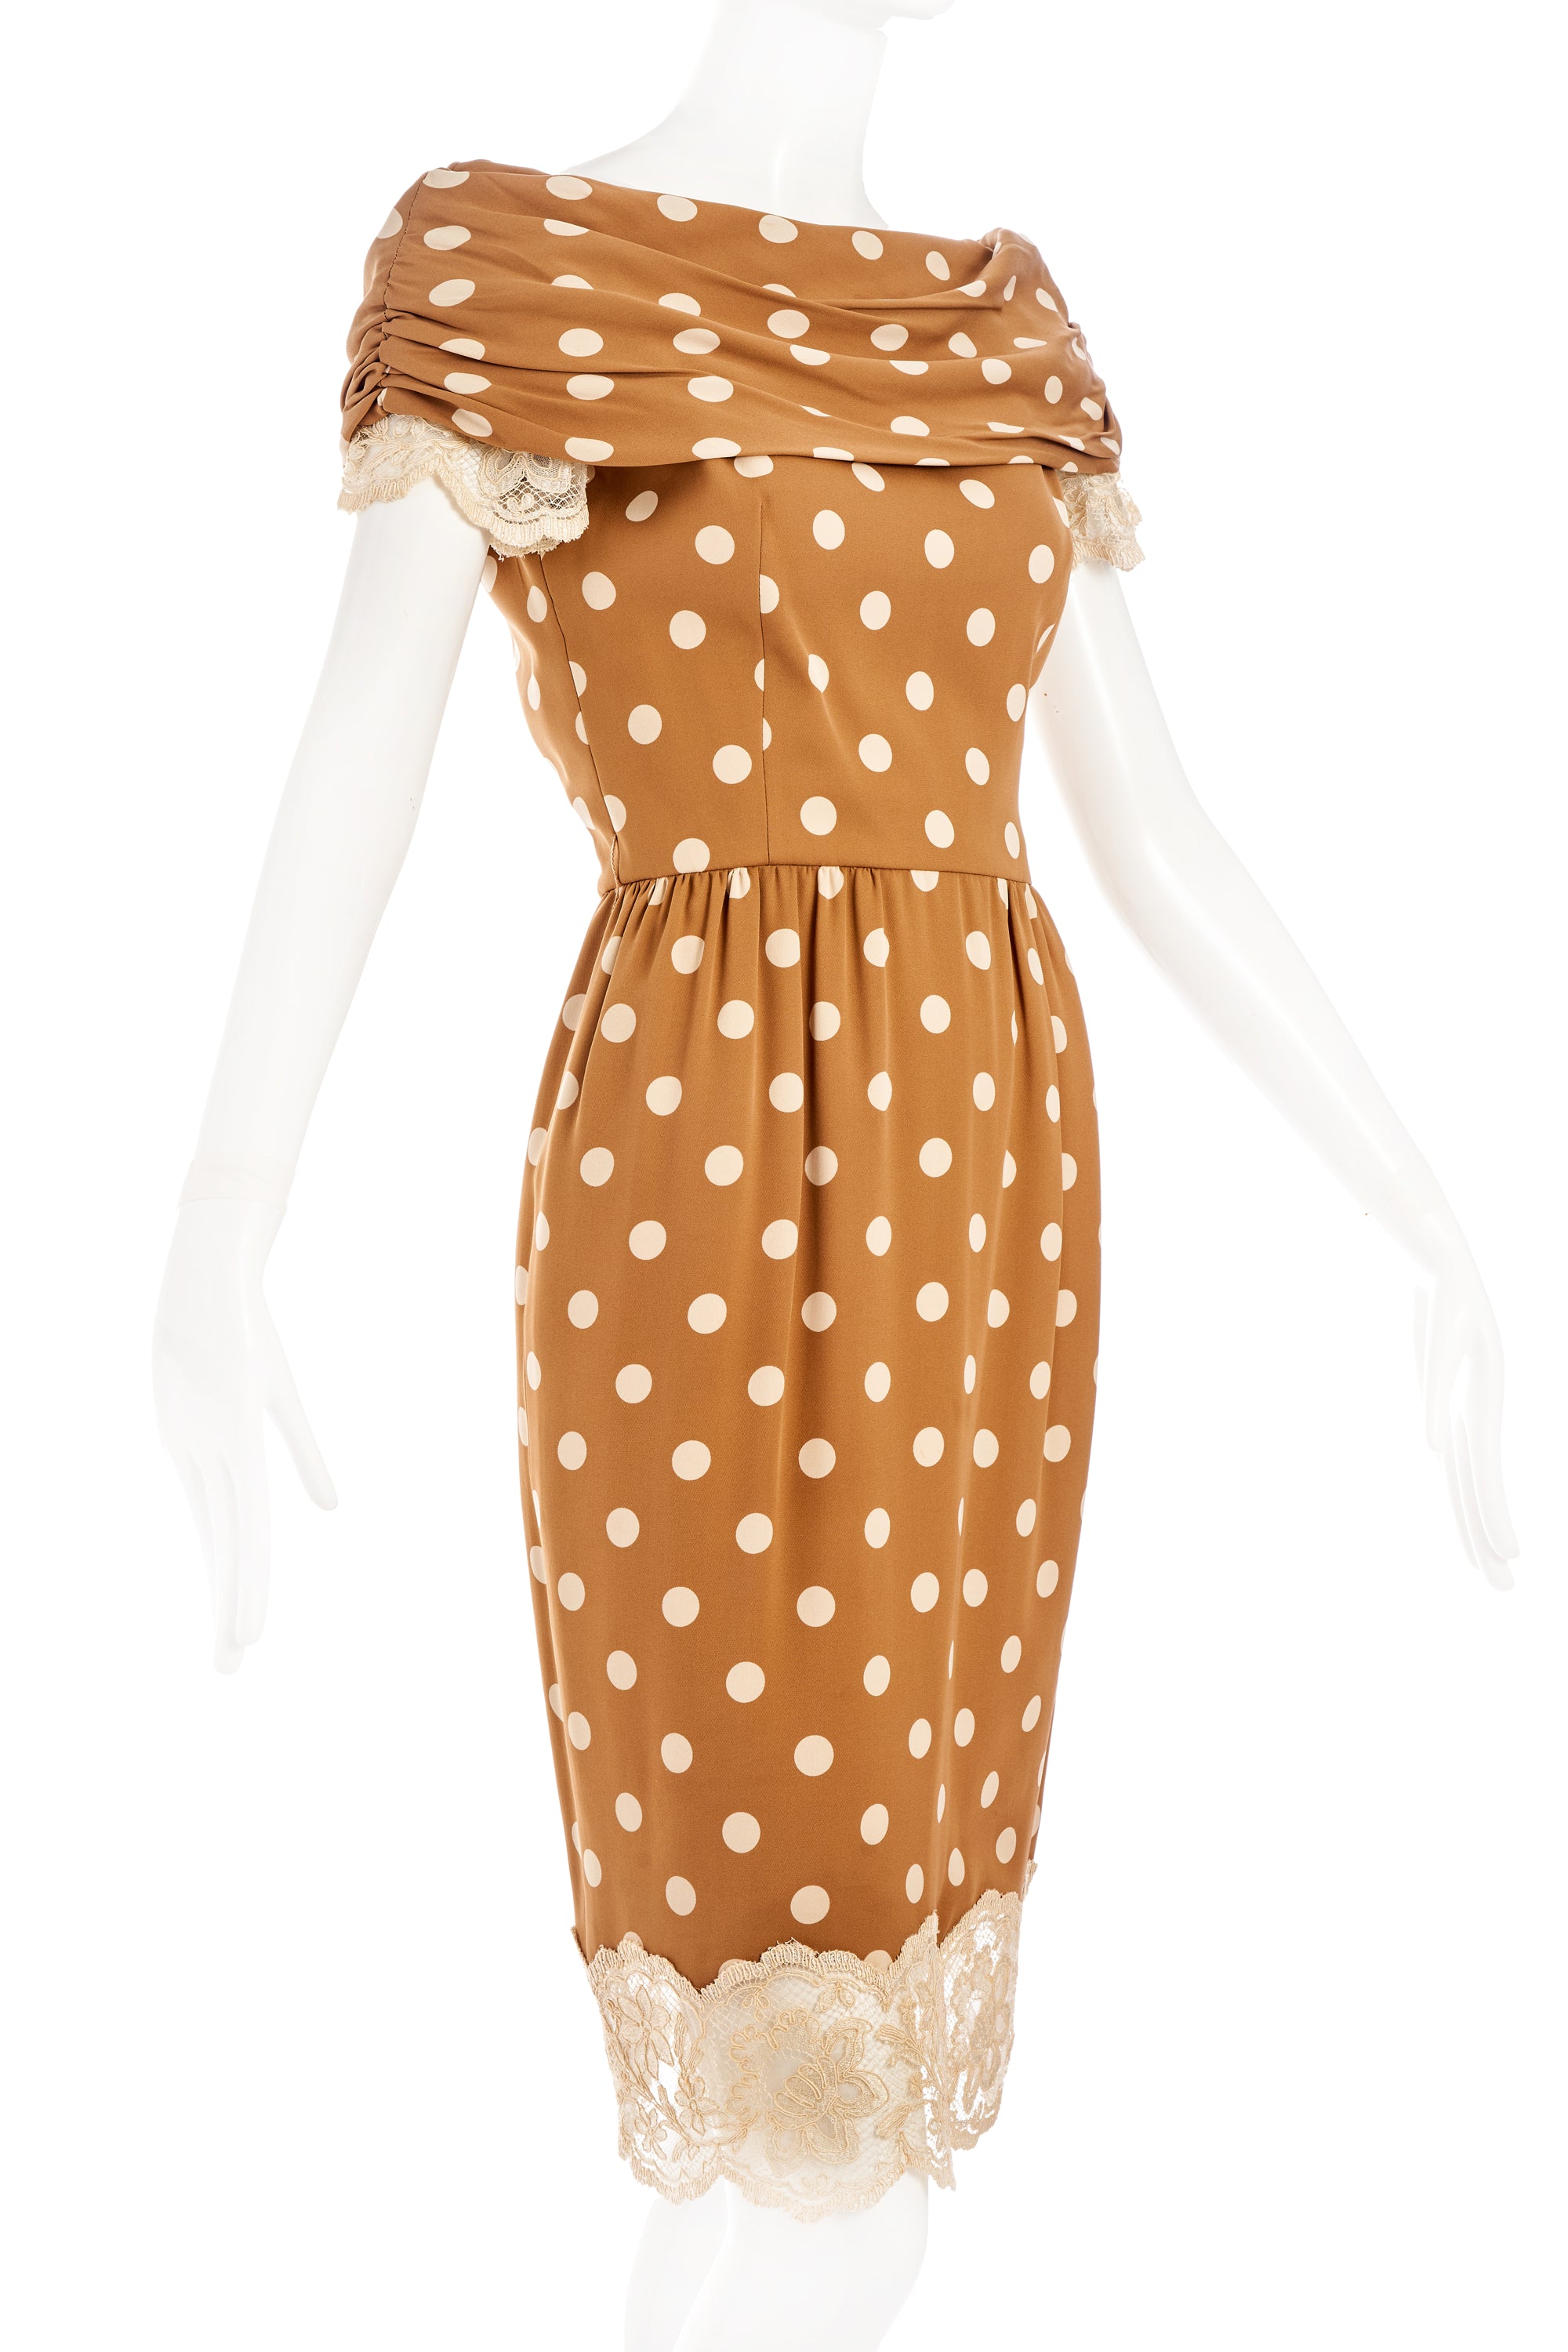 Valentino Brown and Cream Polka Dot Lace trim Dress
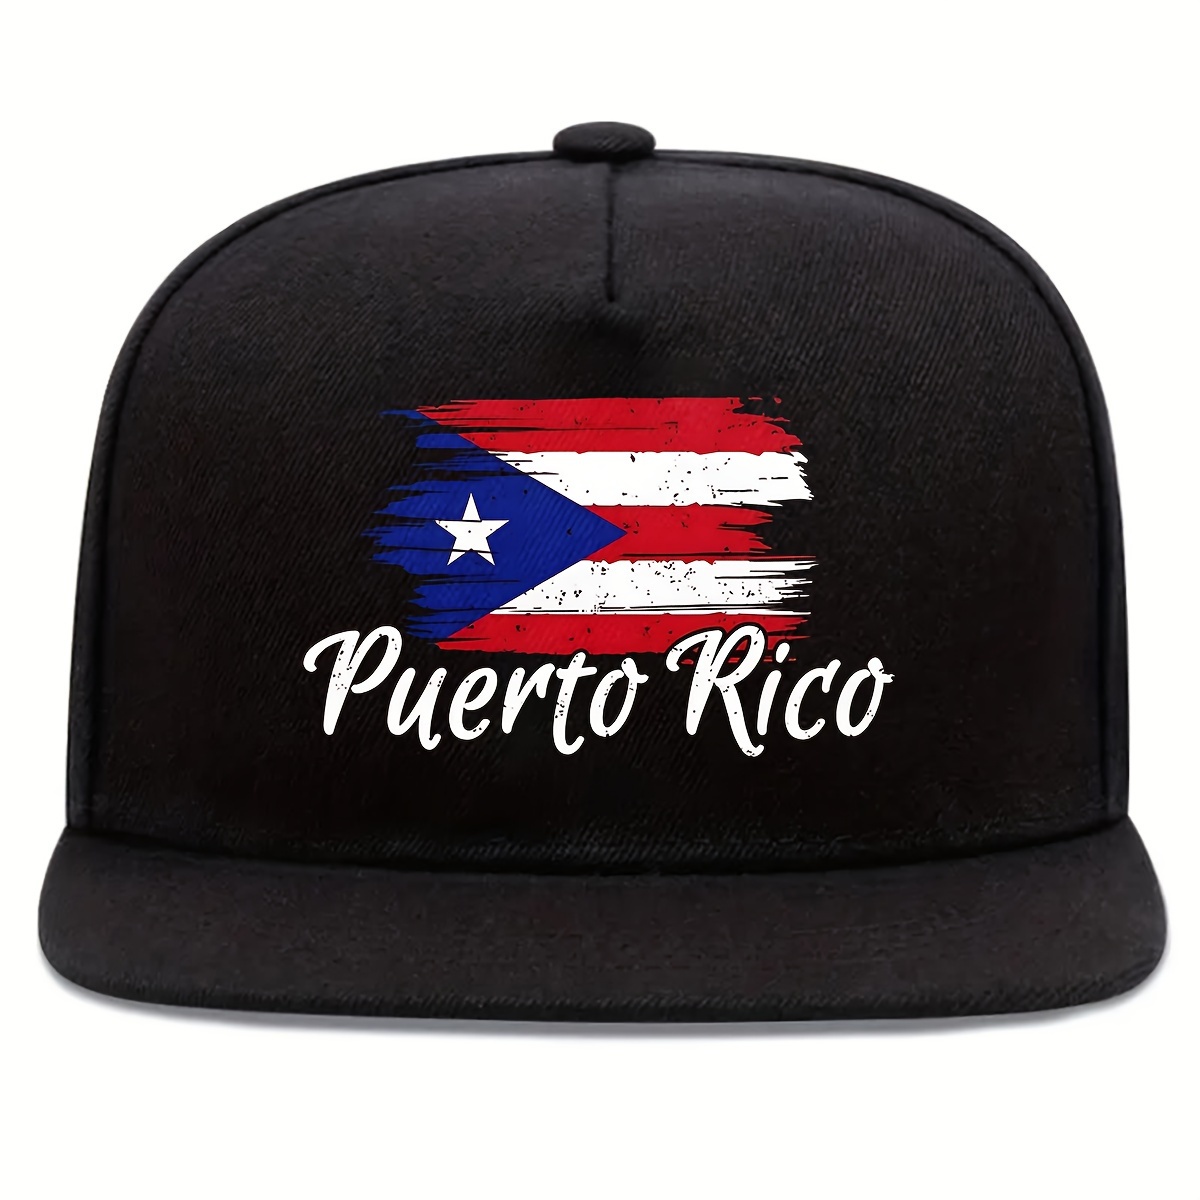 

1pc Adjustable Puerto Rico Flag Fashion Baseball Cap, Unisex Hip-hop Street Style Snapback Hat, Cute Uv Protection Cotton Duckbill Hat
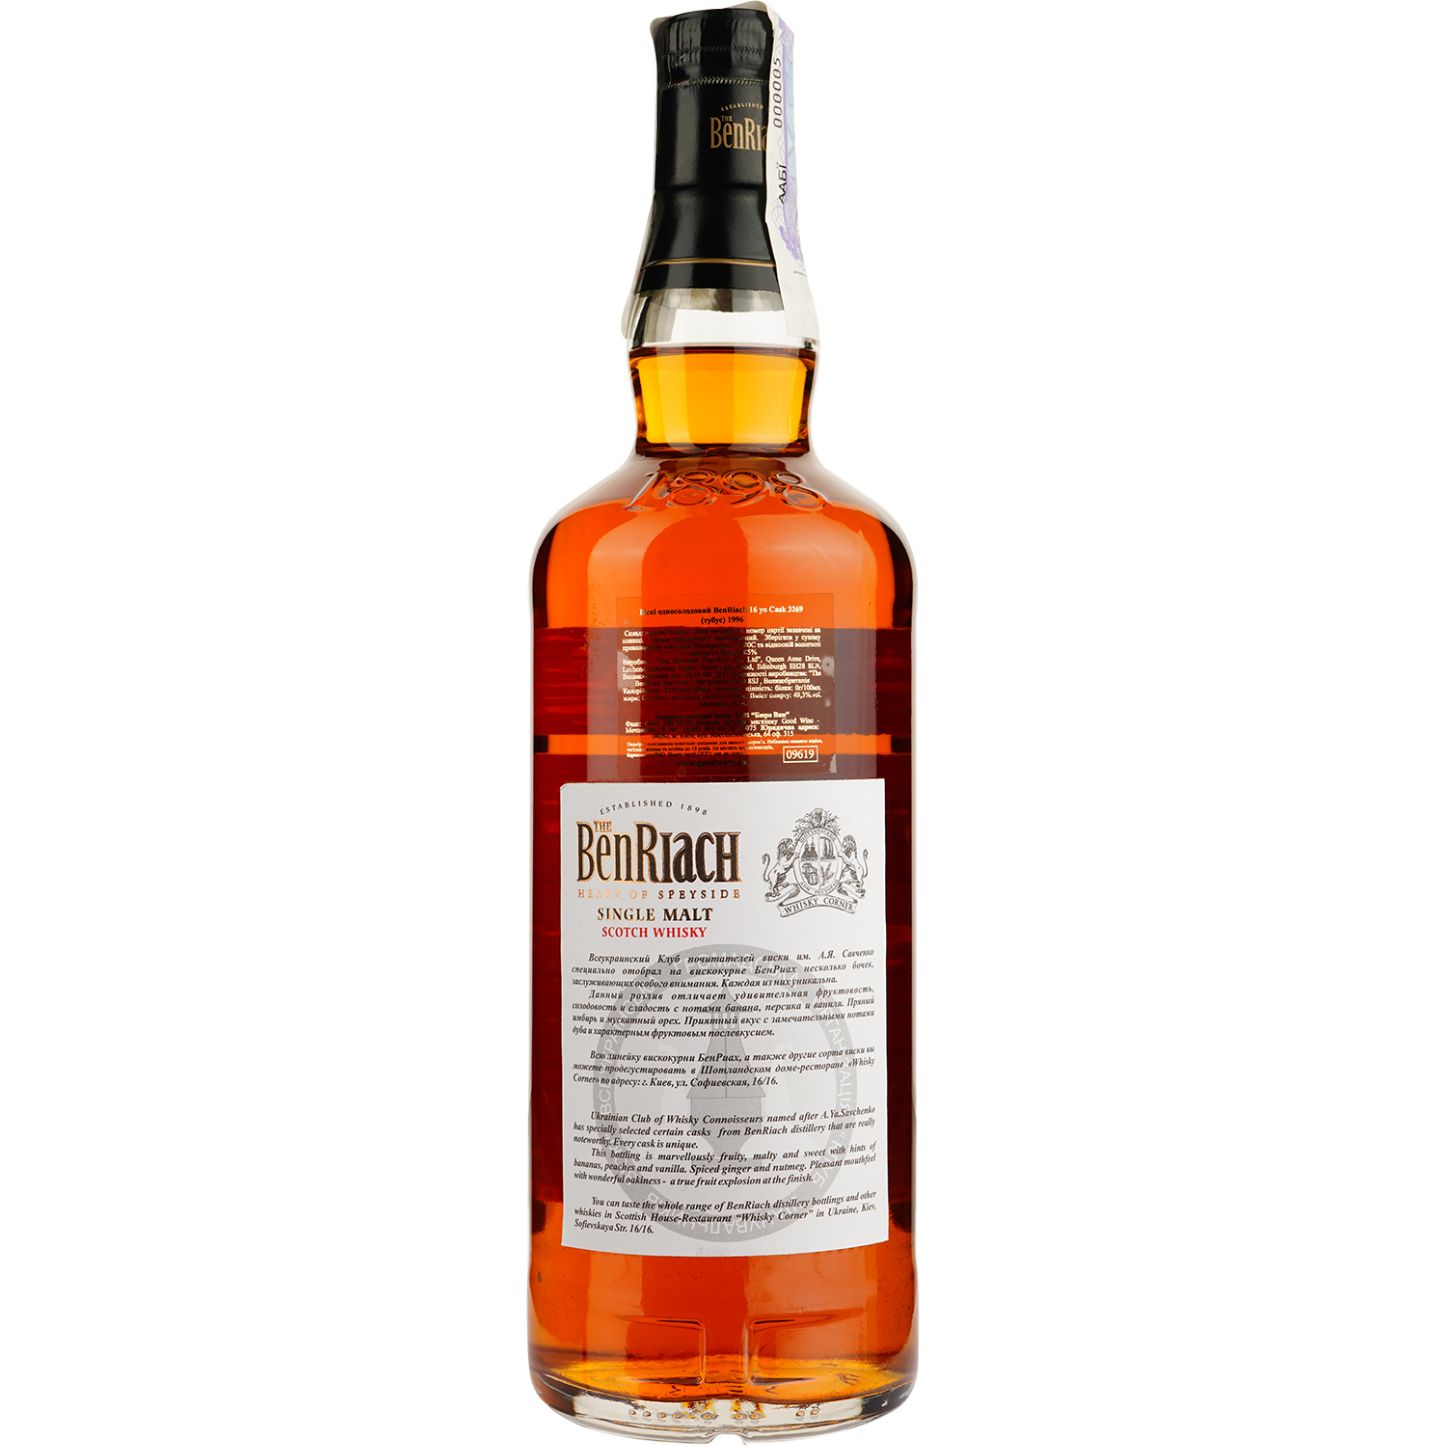 Виски BenRiach 16 Years Old Virgin Oak Hogshead Cask 3269 Single Malt Scotch Whisky, в подарочной упаковке, 49,3%, 0,7 л - фото 4
------------------------------------------------
Task objective - Starting at the line with "1pc Adjustable Puerto" and stopping at the final line of the material, reproduce each line exactly, both ends included. Leave the pictures out.

Output of the task -
1pc Adjustable Puerto Rico Flag Fashion Baseball Cap, Unisex Hip-hop Street Style Snapback Hat, Cute Uv Protection Cotton Duckbill Hat
 Виски BenRiach 16 Years Old Virgin Oak Hogshead Cask 3269 Single Malt Scotch Whisky, в подарочной упаковке, 49,3%, 0,7 л - фото 4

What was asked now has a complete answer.